Outcomes after Elective Abdominal Aortic Aneurysm Repair Have Improved Over Time in Patients on Dialysis


      Prior studies have demonstrated poor perioperative and long-term survival of patients with end-stage kidney disease (ESKD) on dialysis who undergo abdominal aortic aneurysm repair (AAAR). However, survival in dialysis patients overall has improved over time. We hypothesize that the contemporary rates of perioperative and long-term survival following AAAR in ESKD patients are also improving.


      Data on AAAR procedures in dialysis patients were collected from the United States Renal Data System between 2008 and 2017. Endovascular (EVAR) and open AAA repair (OAR) were identified by Current Procedural Terminology codes.
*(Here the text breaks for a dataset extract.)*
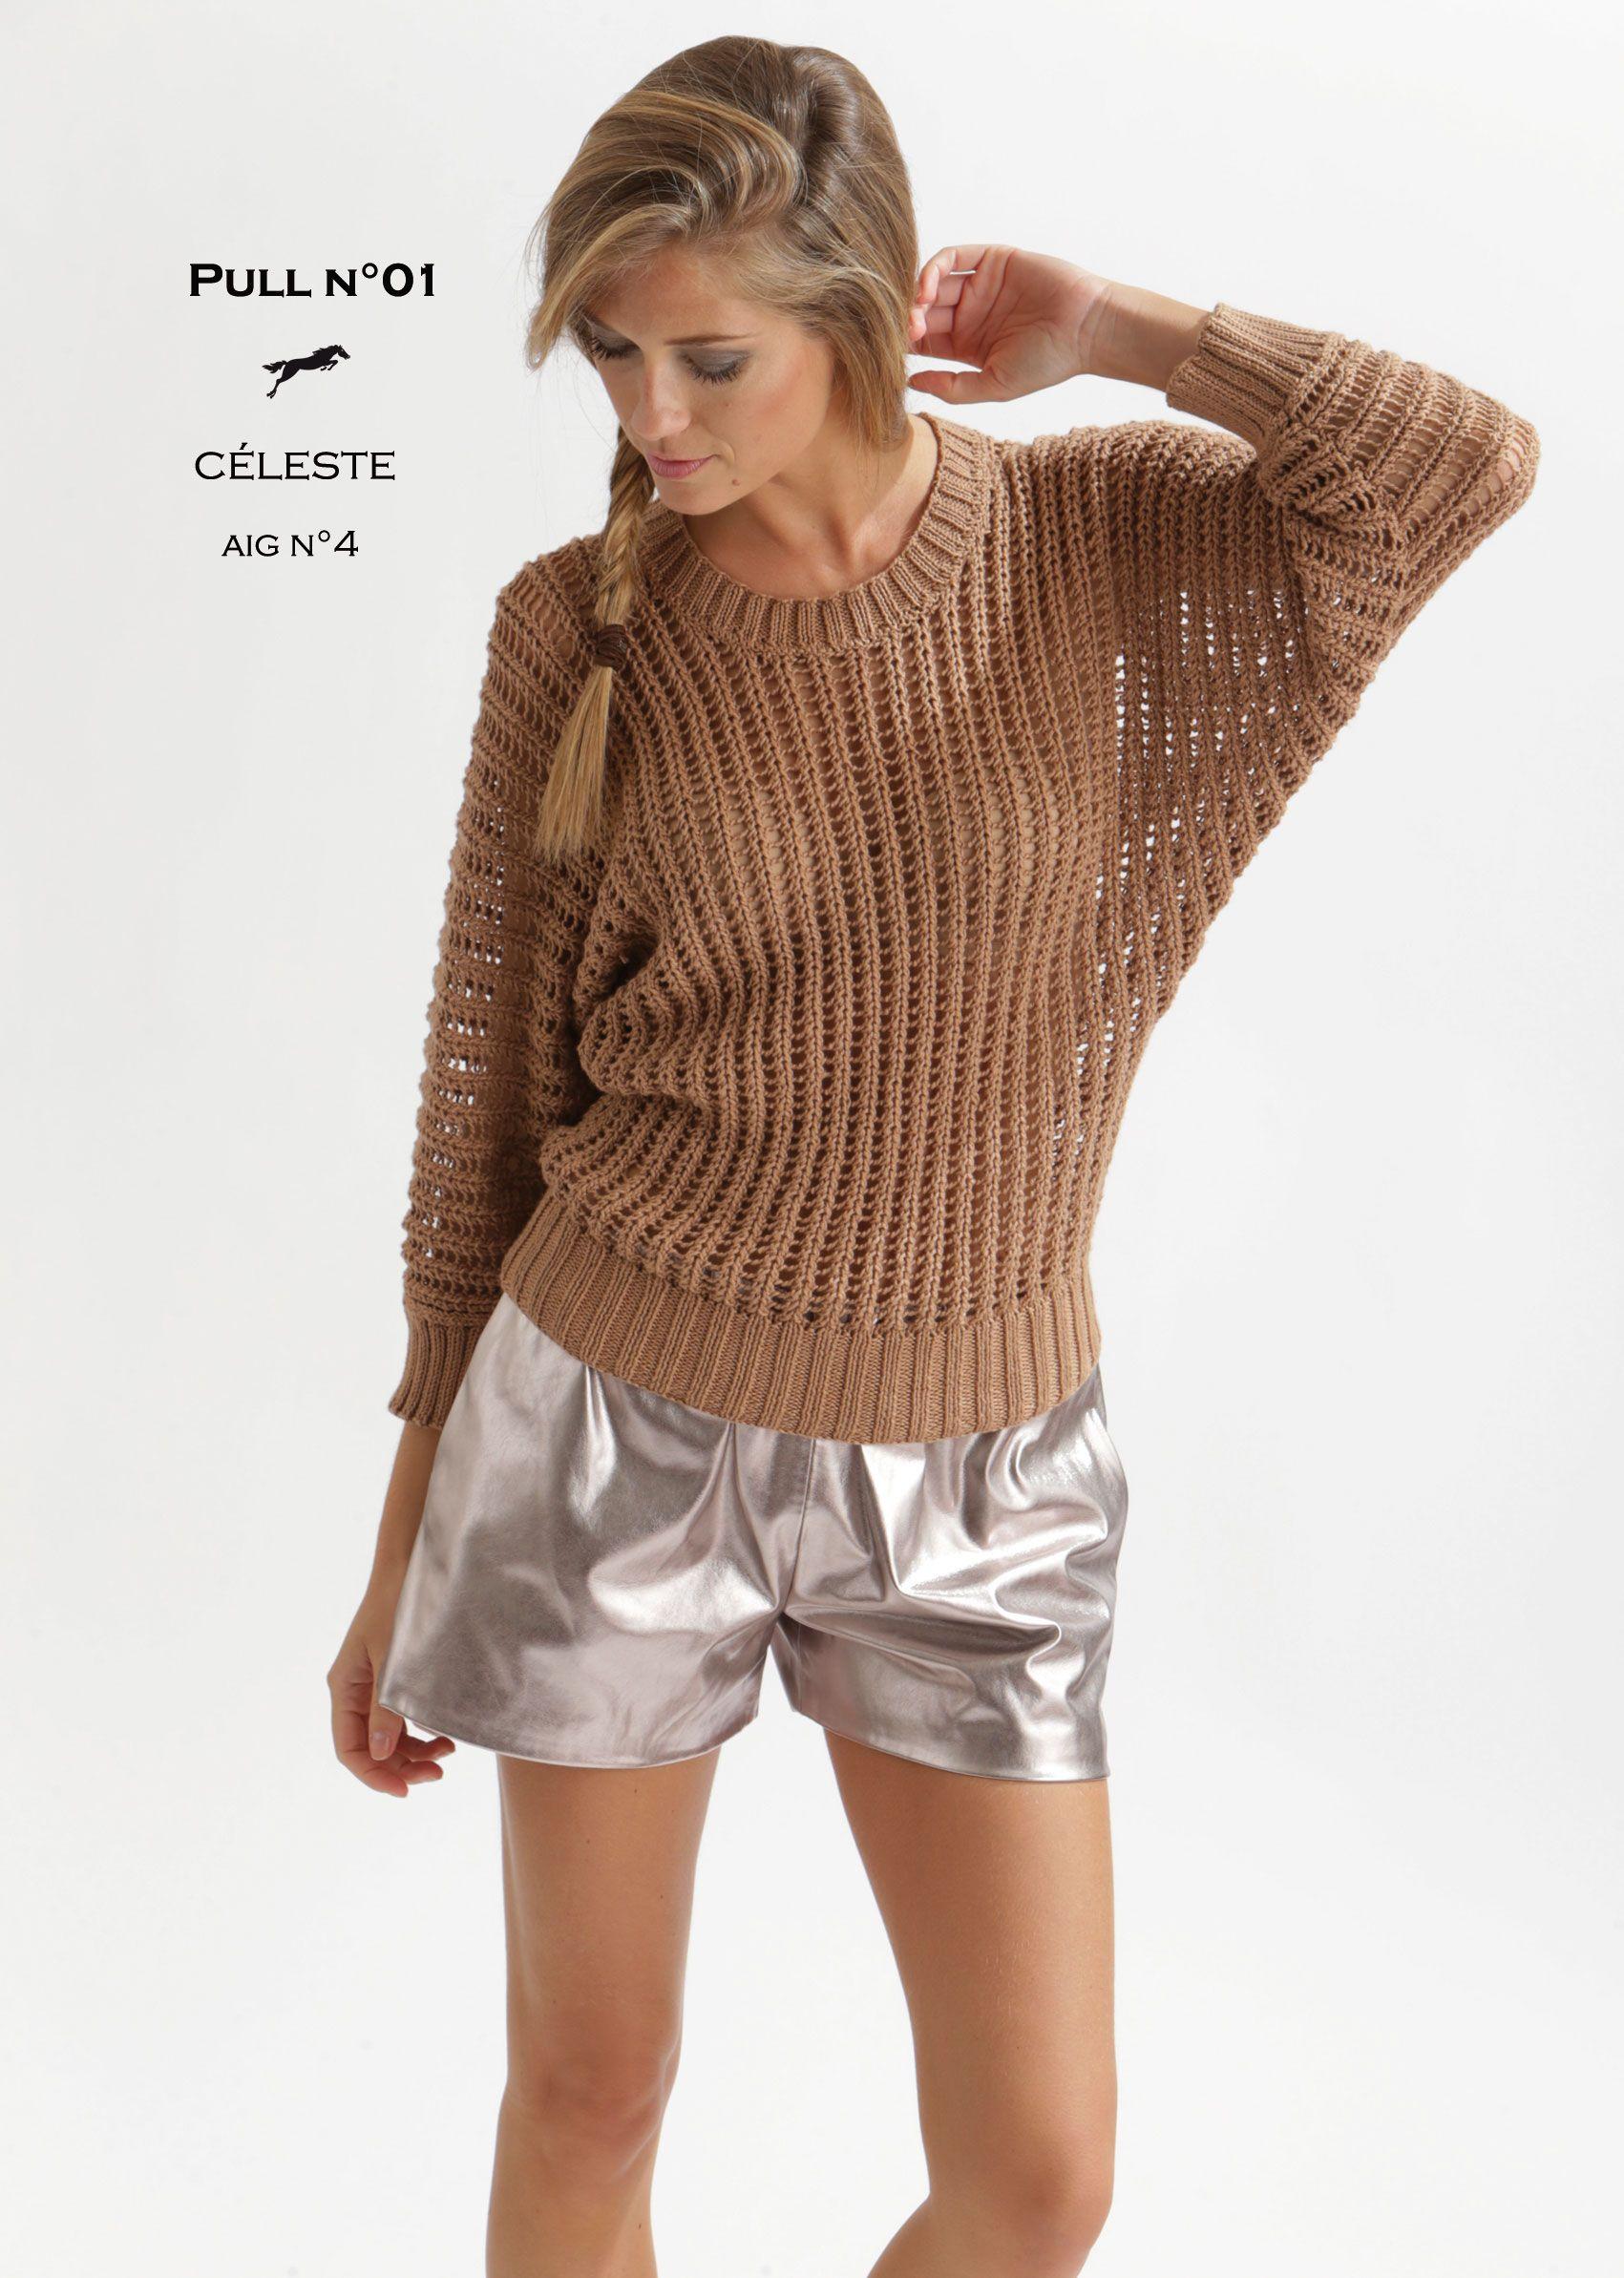 mod le de tricot pull femme catalogue cheval blanc n 20 laine utilis e celeste inverno. Black Bedroom Furniture Sets. Home Design Ideas

Patients with a functioning renal transplant, a ruptured aneurysm, and insurance other than Medicare were excluded. Demographics, comorbidities, procedural details, and long-term outcomes were collected. Standard statistical methods were used.


      We identified 3,374 patients who underwent EVAR (86%, 2,914/3,374) and OAR (14%, 460/3,374). The utilization of OAR decreased significantly from 2008 to 2017 (17.34% vs. 7.43%, P < 0.001). Kaplan–Meier survival analysis revealed no significant difference in 5-year survival between OAR and EVAR (24% vs. 17%, P = 0.1, Wilcoxon–Breslow test), but open repair was associated with increased long-term survival (Hazards ratio 0.994, confidence interval 0.990–0.999, P = 0.017) in an adjusted Cox regression model. The cohort was then divided based on the year of AAAR, group 1: 2008–2010 (1,269/3,374), group 2: 2011–2013 (1,071/3,374), and group 3: 2014–2017 (1,034/3,374). Compared to groups 1 and 2, Group 3 was less likely to have coronary artery device, peripheral vascular disease, recent pneumonia, be nonambulatory, live in a nursing facility, or undergo an OAR and more likely to be younger and dialyze through an arteriovenous fistula/arteriovenous graft at the time of AAA repair. Thirty-day postoperative mortality was significantly lower in group 3 compared to groups 1 and 2 (5.4% [56/1,034] vs. 10.3% [131/1,269]/7.3% [78/1,071], P < 0.031). One-year survival by Kaplan–Meier estimate was significantly higher in group 3 (77.7% [803/1,034]) versus groups 1 and 2 (56.7% [719/1,269], 66.9% [716/1,071], P < 0.001, log-rank test). Five-year survival was also significantly higher in group 3 (27.3%) compared to groups 1 and 2 (14.2% and 16.5%, P < 0.001, log-rank test). In a Cox regression model of long-term mortality adjusted for variables significant on a univariate testing, more recent procedure year was associated with increased survival (Hazards ratio 0.81, [0.77, 0.85], P < 0.001).


      Postoperative and long-term survival following AAA repair have increased over time in ESKD patients on dialysis. This increased survival persists after accounting for differences in patient demographics and type of procedure over time. Elective AAA repair should be considered in carefully selected good-risk patients on dialysis.